И с графиней на руках широкими прыжками бросился из храма.

– Будь проклята твоя магия, червонцы, алмаз! – бешено крикнул бакалавр, кидаясь за графом вдогонку.

Он пронесся по пустому темному залу, по лестнице скатился в прихожую, – но тут графские слуги Жако и Жульен преградили ему путь.

– Не так быстро, signore, – с ужимками поклонился Жако.

– Пусти! – отбросил его бакалавр.

В открытую дверь мелькнула белая мгла. К воротам по деревянным мосткам бежит с белой госпожой на руках граф Феникс – красная кошка, ставшая на задние лапы.

– Назад! – оттолкнул бакалавра Жако.

Дверь хлопнула, бакалавр ударил в нее кулаками, и вдруг из замочной скважины просунулся долгий палец. Погрозил.

Не палец, а кончик носа просунулся в скважину. Шевельнулся, понюхал воздух, чихнул.

– Наваждение! – Кривцов рванул волосы, в кулаке остались рыжие пряди…

Великий мастер и московский типографщик нашли бакалавра в прихожей, у заднего крыльца, на полу. Кривцов сидел у замочной скважины и рукой ловил воздух.

– Андрей, батюшка, что тебе приключилось? – коснулся его плеча Елагин.

– Нос, нос проклятый. Чуть поймаешь, он ровно муха – в скважину шмыг…

– Господин секретарь, не дурите, – сказал Елагин построже.

– Голубчик, душа моя, – нагнулся к бакалавру и Новиков. – Пошто ты за магом со всех ног грянул?

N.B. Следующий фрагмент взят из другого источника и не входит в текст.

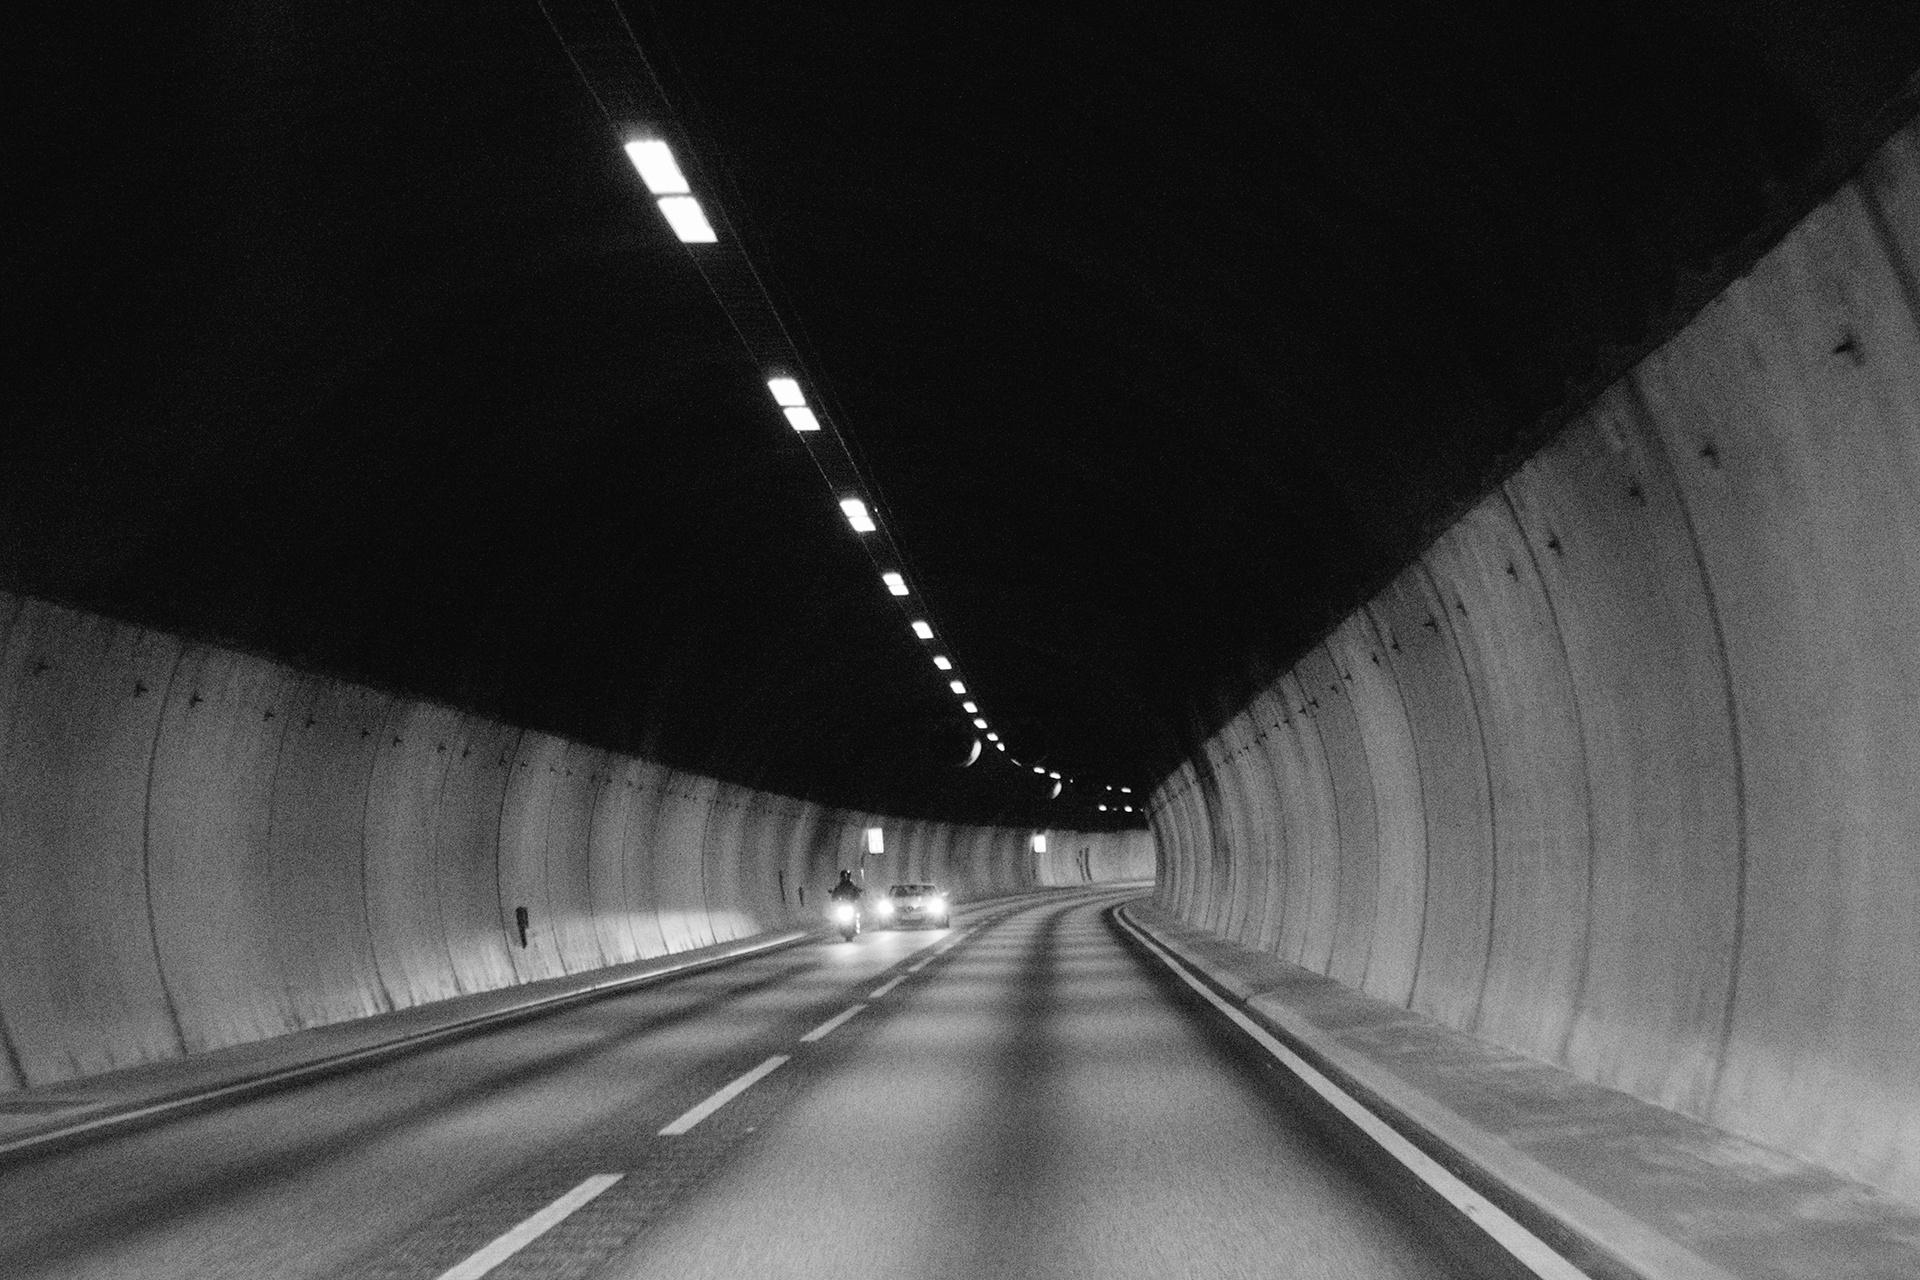 norwaytunnel.jpg
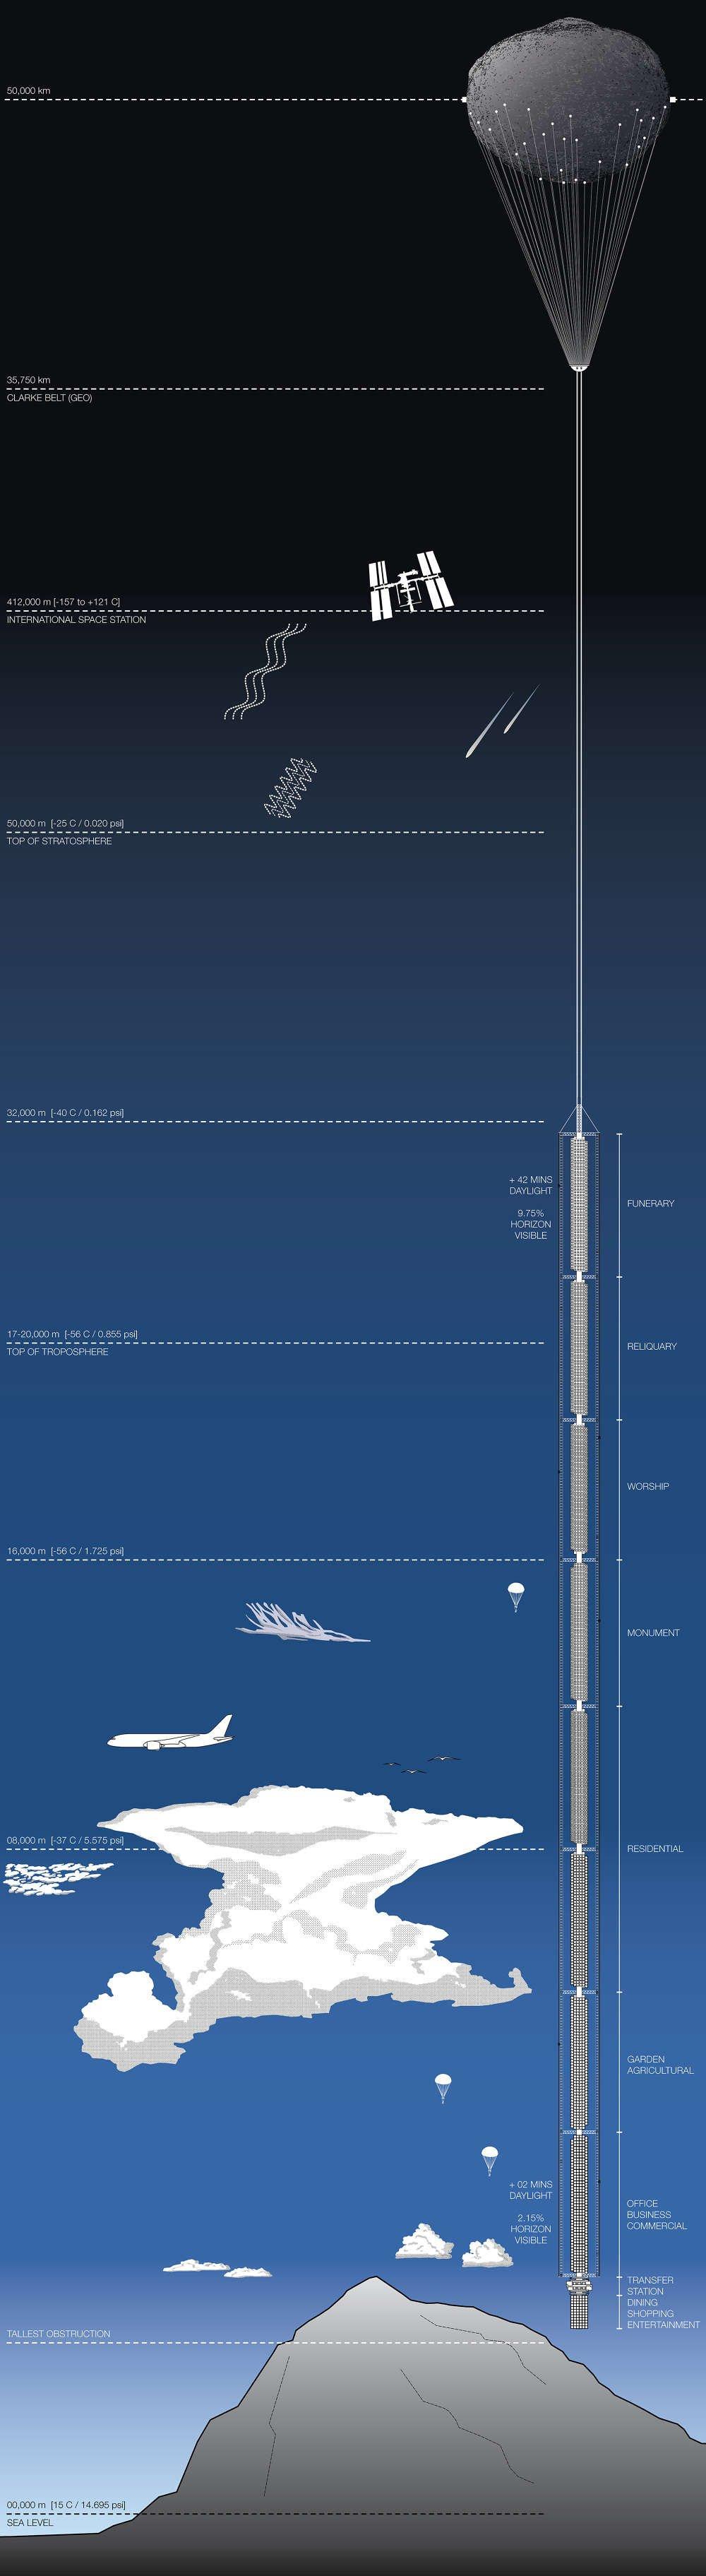 arranha-ceus-asteroide-4

– Ах, вы?.. – повел глазами Кривцов. И закрыл худое лицо ладонями, и заплакал в голос, навзрыд.

– Наваждение, наваждение…

– Пойдем отседова, батюшка, – ласково взял его под руку Елагин.

Негоциант Григор Фихтель выпустил братьев с парадных крылец, а они втроем вышли со двора.

Уже светало.

Белое небо над Невой тронулось холодной желтой зарей. Отлогим глинистым берегом пробирались они к Тучкову мосту. Старый алебардщик уже проснулся от холода и от утреннего боя курантов.

– Словно бы заря, словно и нет, – поморгал ресницами алебардщик. – Кто его знает, а фонарь под мостом тушить самое время.

За Невой заря облила бледным золотом верхушки барок с сеном…

– Беседа наша, сударь, Иван Перфильевич, будет короткой, – покашливая от сырости, говорил Новиков. – Наутро я отбываю в Москву… Бакалавр-то наш, сдается мне, прав: сей Калиостр единое наваждение суть. Может, и знает он какую силишку, нам покуда неведомую, да и морочит весь свет и ту бедную госпожу мучает…

Башмаки глухо постукивали по влажным настилам моста.

– Выслушайте меня, сударь Николай Иванович, с терпением. – Елагин остановился и даже взял Новикова за медную пуговицу синего плаща:

– Может статься, обманщик он, но я исповедаю тако: и ложь, и обман да послужат рабынями Златорозовому Кресту… Посему намерен я сего графа в мой дом на житье позвать, дабы отыскал он нам камень мудрости и соделал золото, как было обещано им в письме из Митавы.

– Пустое затеяли, сударь.

– Николай Иванович, друг мой, не горячитесь… А ежели откроем мы тайну философского камени – ведь воистину наступит тогда златой век человечества.

– Златой век, златой век… – вздохнул Новиков. – Сущее все мечтательство… Нет, заутра я отбываю в Москву.

Бакалавр, облокотясь о деревянные перила, смотрел на белую, едва зажелтевшую пустыню неба и воды.

– Пойдем, Степаныч, – мягко позвал его Новиков.

– Иду, иду, – обернул бакалавр лицо из тумана.

За горбатым мостом выросла мокрая крыша гауптвахты. Ходит у полосатого столба часовой солдат в овчинном дымящем тулупе.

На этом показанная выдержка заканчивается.